De pronto la sonrisa volvió a iluminar la cara del poli, dejando ver los hoyuelos y unos dientes muy blancos.
—Si me pagaran, no andaría en un coche sacado del depósito de decomisados, ¿no te parece?
Pensé que esa no era una respuesta, podía haber muchas razones por las que el hombre andaba en un coche tuneado, por ejemplo, podía ser fan de San La Muerte. Sin embargo, no me animé a insistir.
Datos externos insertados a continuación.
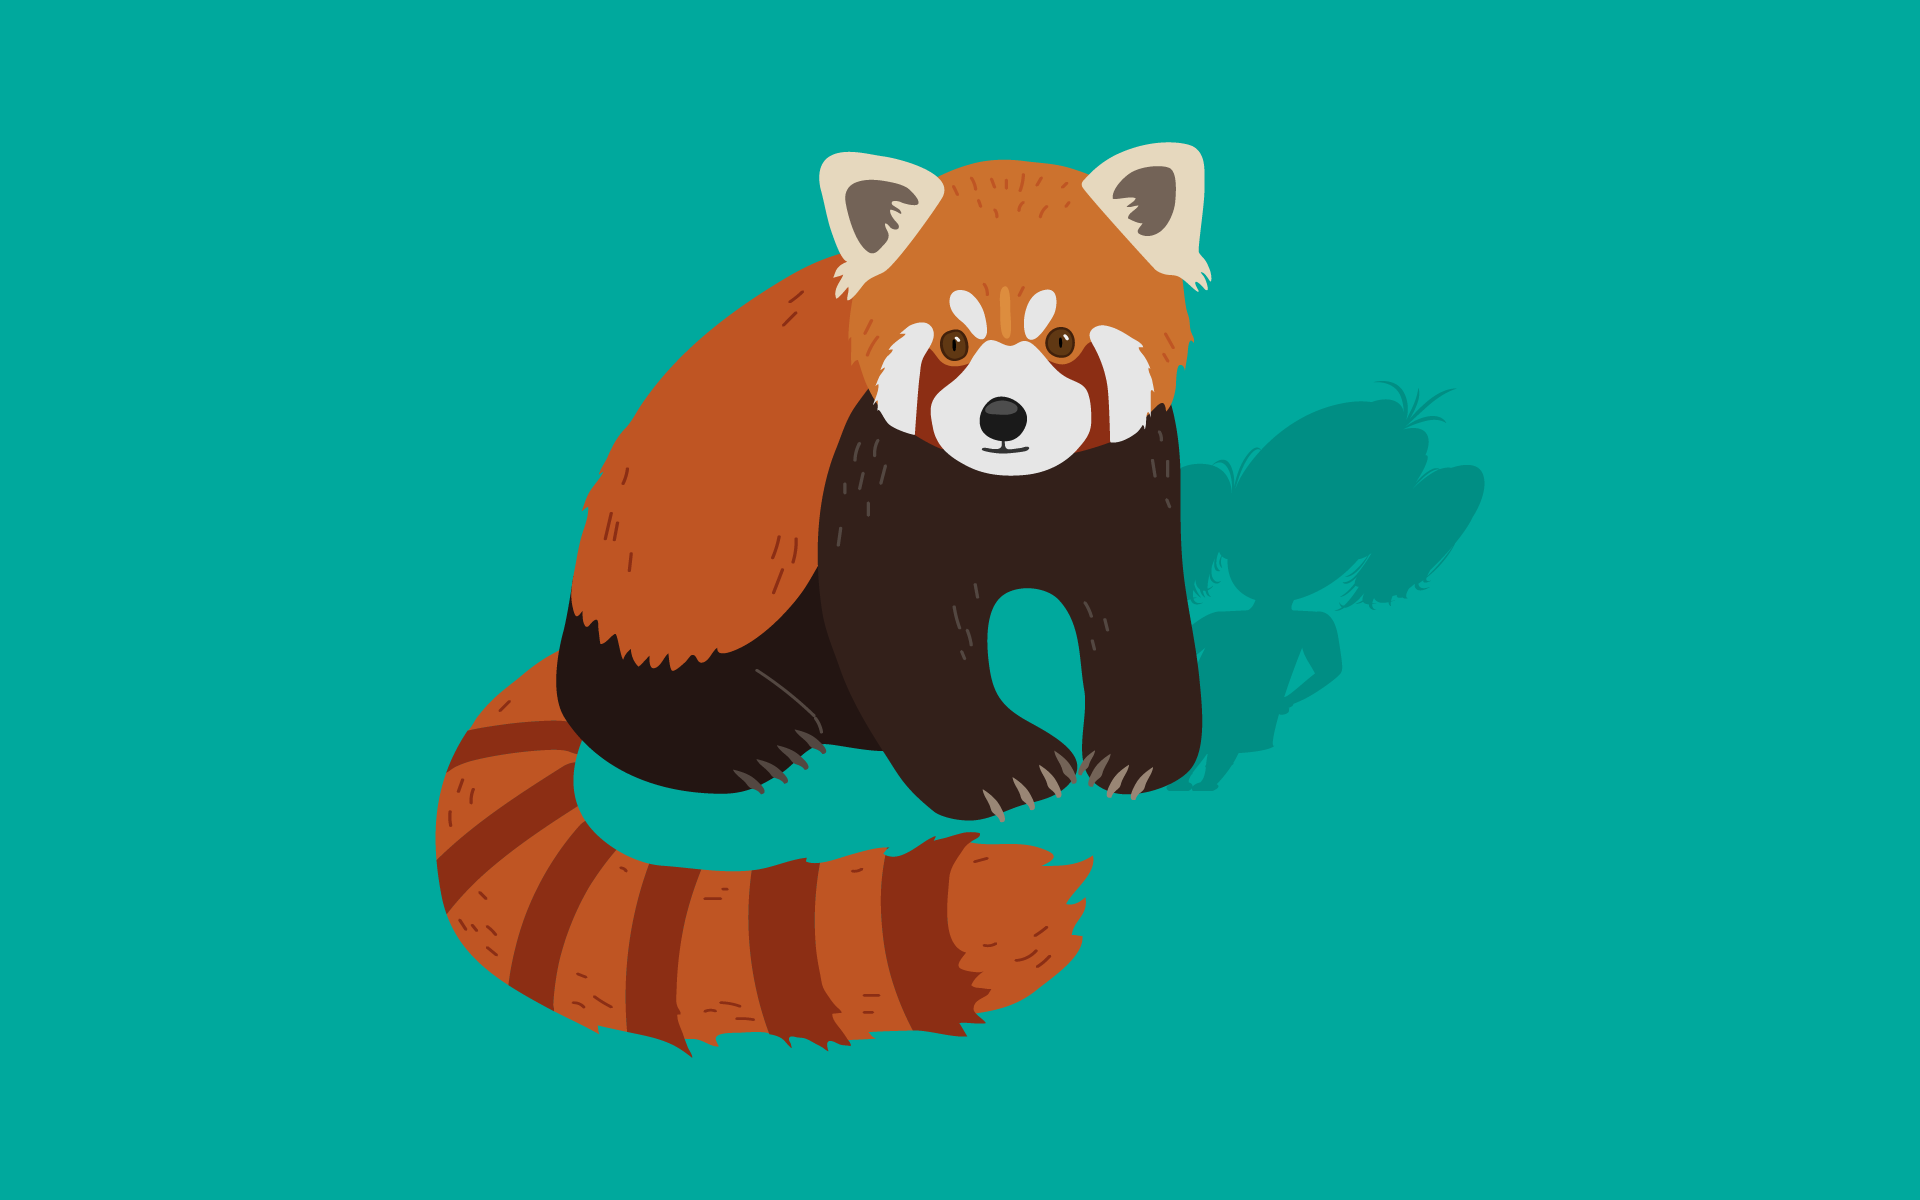 What a big red panda can teach us about the joy and chaos of teenage life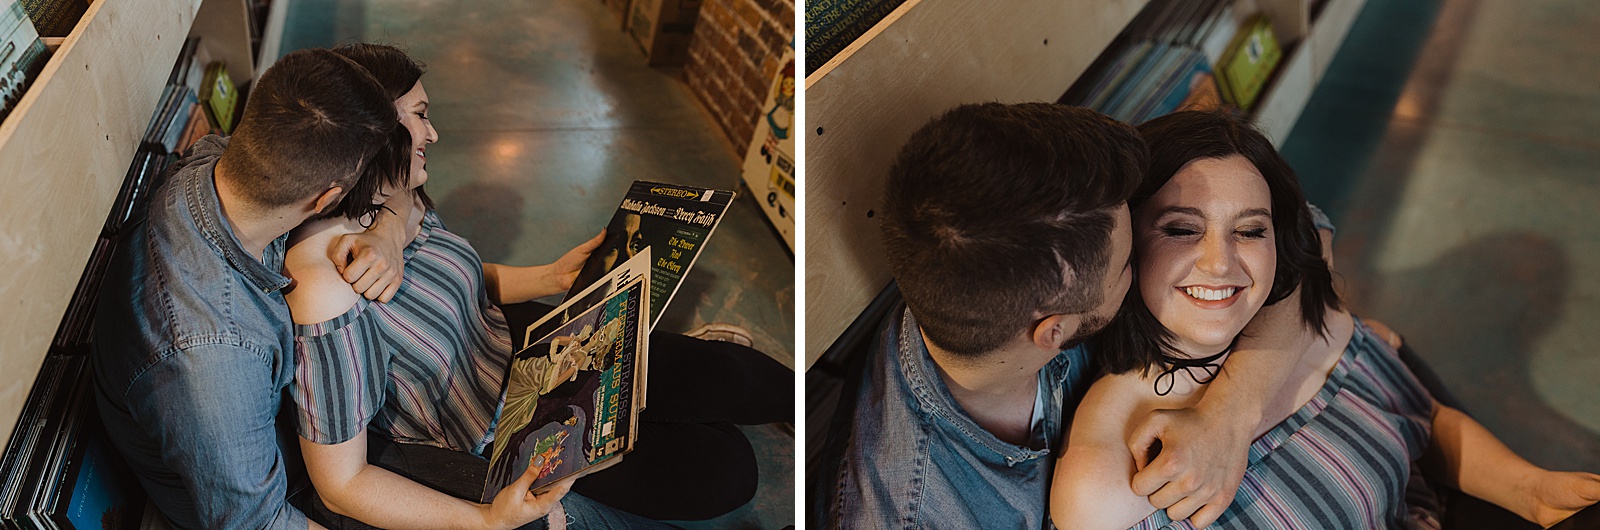 Candid casual non traditional engagement photos at Kansas record store Josey Records by Caitlyn Cloud Photography

—¿Qué sabes de Pescado Podrido? —preguntó Valeria en ese momento, volviendo la atención de todos hacia ella mientras volvía a cruzar las piernas.
—Su verdadero nombre es Wilson Tolaba —respondió Montorvo—, es un narco que organiza la entrega en esta zona.
—¿De eso no se ocupaba Chorizo Colorado? —pregunté.
—Y si se sabe todo eso, ¿por qué no está preso? —interrumpió Valeria. Todos se la quedaron mirando.
—Porque no hay pruebas, solo rumores —explicó el poli con paciencia—. Nadie se anima a denunciar.
—¿Y por qué la mafia quiere que le hagamos mal de ojo? —quiso saber Soraya—. Primero a Chorizo Colorado y luego a Pescado.
—No hay que mezclar las cosas —respondió Conde—. Chorizo Colorado era de los Topos.
—Aparentemente los Topos desean entrar en esta zona para poder posicionarse como dueños de toda la ciudad. Hubo enfrentamientos aislados entre ellos y los Pocos, pero hasta ahora eran peleas menores. Ahora las cosas parecen estar cambiando, Chorizo Colorado y Pescado Podrido son vendedores sin importancia, pero el dato concreto es que uno era de los Topos y el otro es de los Pocos —informó Montorvo.
—¡Y por eso no nos vamos a meter! —Interrumpí, poniéndome de pie—. No vamos a entrar en una guerra entre bandas. No sabemos si los Topos o los Pocos o qué otra banda de imbéciles tiene a mamá y NO vamos a tomar parte.
Valeria también dejó su asiento, caminó contoneándose como si se hallara sobre una alfombra roja y se detuvo cuando estuvo a contraluz frente a la ventana.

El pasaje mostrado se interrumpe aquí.